The Common Cuckoo cannot incubate chicks on its own because it does not lay eggs immediately, but at intervals of 1 to 3 days. During the time of laying eggs, the female manages to lay 20 and even up to 26 eggs. Since the development of the embryo ends in 11-12 days, it would be impossible to incubate each egg and feed the chick separately. Free from the hassle of building a nest and laying eggs, the Common Cuckoo flies to places where there are many forest pests.
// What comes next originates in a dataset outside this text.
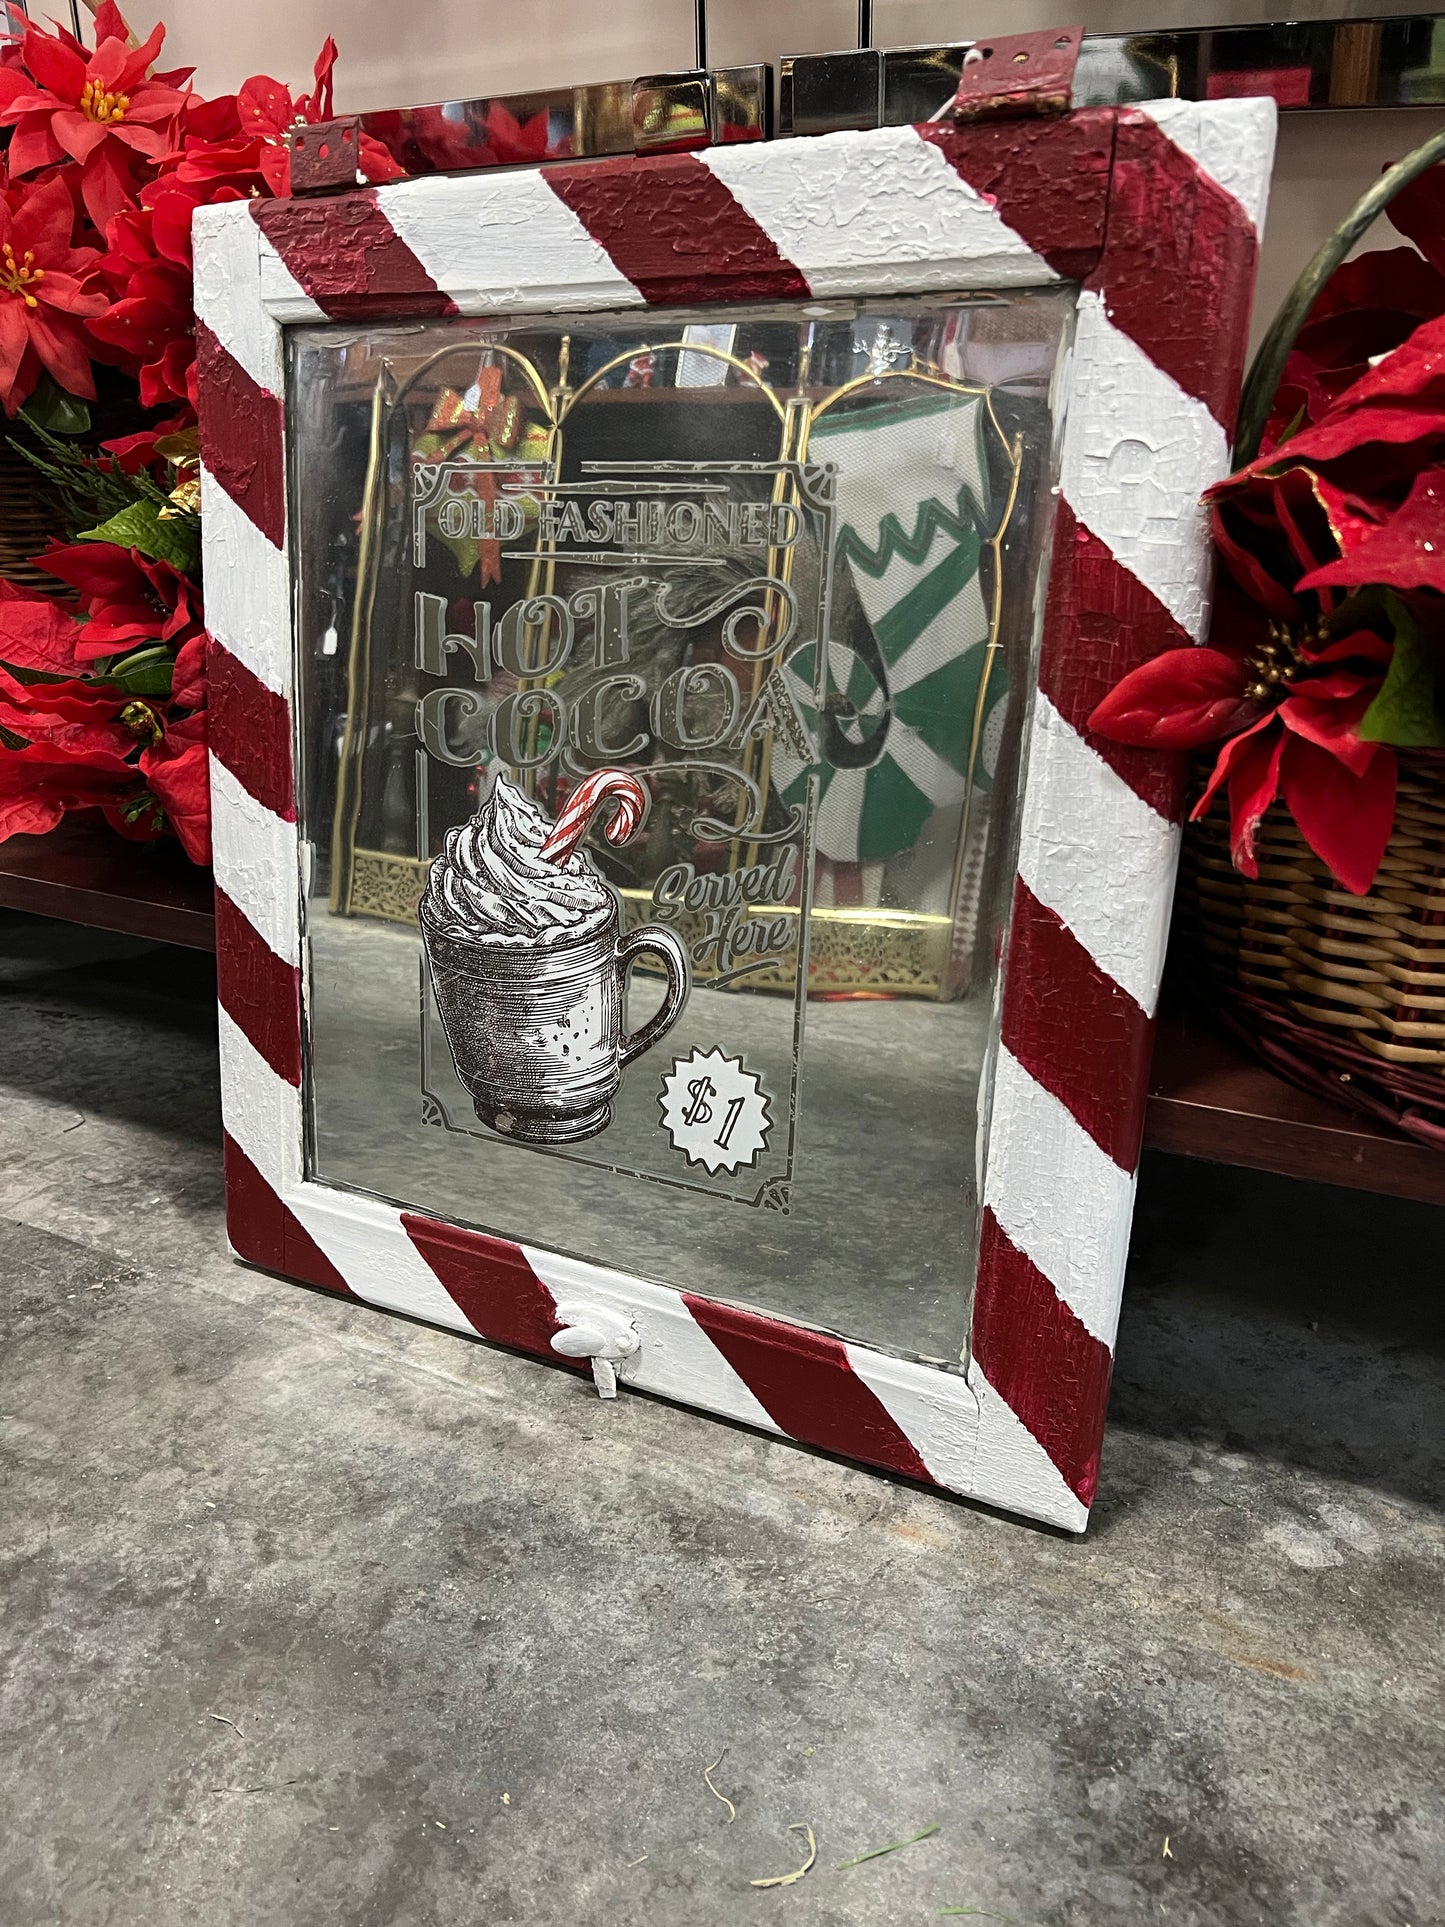 Candy cane Striped Mirror “Old Fashioned…”

There are also other hypotheses on why the cuckoo lays its eggs on the nests of other birds. One of the hypotheses is that competition with the nestlings of foster parents for food leads to a decrease in the weight of the cuckoo, which is the selection pressure leading to the formation of the behavior of discarding the eggs of the nest owners. An analysis of the amount of food brought to the cuckoo chick by foster parents in the presence or absence of nest owners' chicks showed that cuckoos receive insufficient food when they compete with host chicks, demonstrating an inability to effectively compete for food with the host brood. Selection pressure leading to the development of egg ejection may be due to the cuckoo's lack of precise visual cues to stimulate feeding, resulting in nest hosts either distributing food evenly among all chicks or becoming able to recognize the nest parasite. Another suggests that weight loss in the cuckoo does not serve as a selection pressure on the development of egg ejection. An analysis of the resources received by the cuckoo in the presence and in the absence of the chicks of the nest owners also showed that the weight of cuckoos that grew up together with the chicks of foster parents was much less after leaving the nest than that of cuckoos that grew up alone, but within 12 days thereafter, cuckoos reared with host chicks grew faster than cuckoos reared alone, thus masking initial developmental differences and demonstrating the flexibility of developmental strategies that makes selection for the host oviposition stereotype unnecessary.

Distribution and Habitat[]

The Common Cuckoo occurs in all climatic zones of the western Palearctic. It mainly inhabits forests, steppes, forest-steppes, parks, and mountains up to 3000 m above sea level. It occurs in Eurasia from Western Europe and North Africa to Kamchatka and Japan. The nominate subspecies C. c. canorus is widespread throughout Europe with the exception of Iceland, the far north of Scandinavia and the northeastern part of the Baltic States. The northern limit of distribution of the species runs along the northern edge of the taiga from northern Norway to Kamchatka, roughly along the northern polar circle. The southern limit of distribution to the Himalayas extends approximately along the 40th degree of latitude. They migrate to most of sub-Saharan Africa for the winter.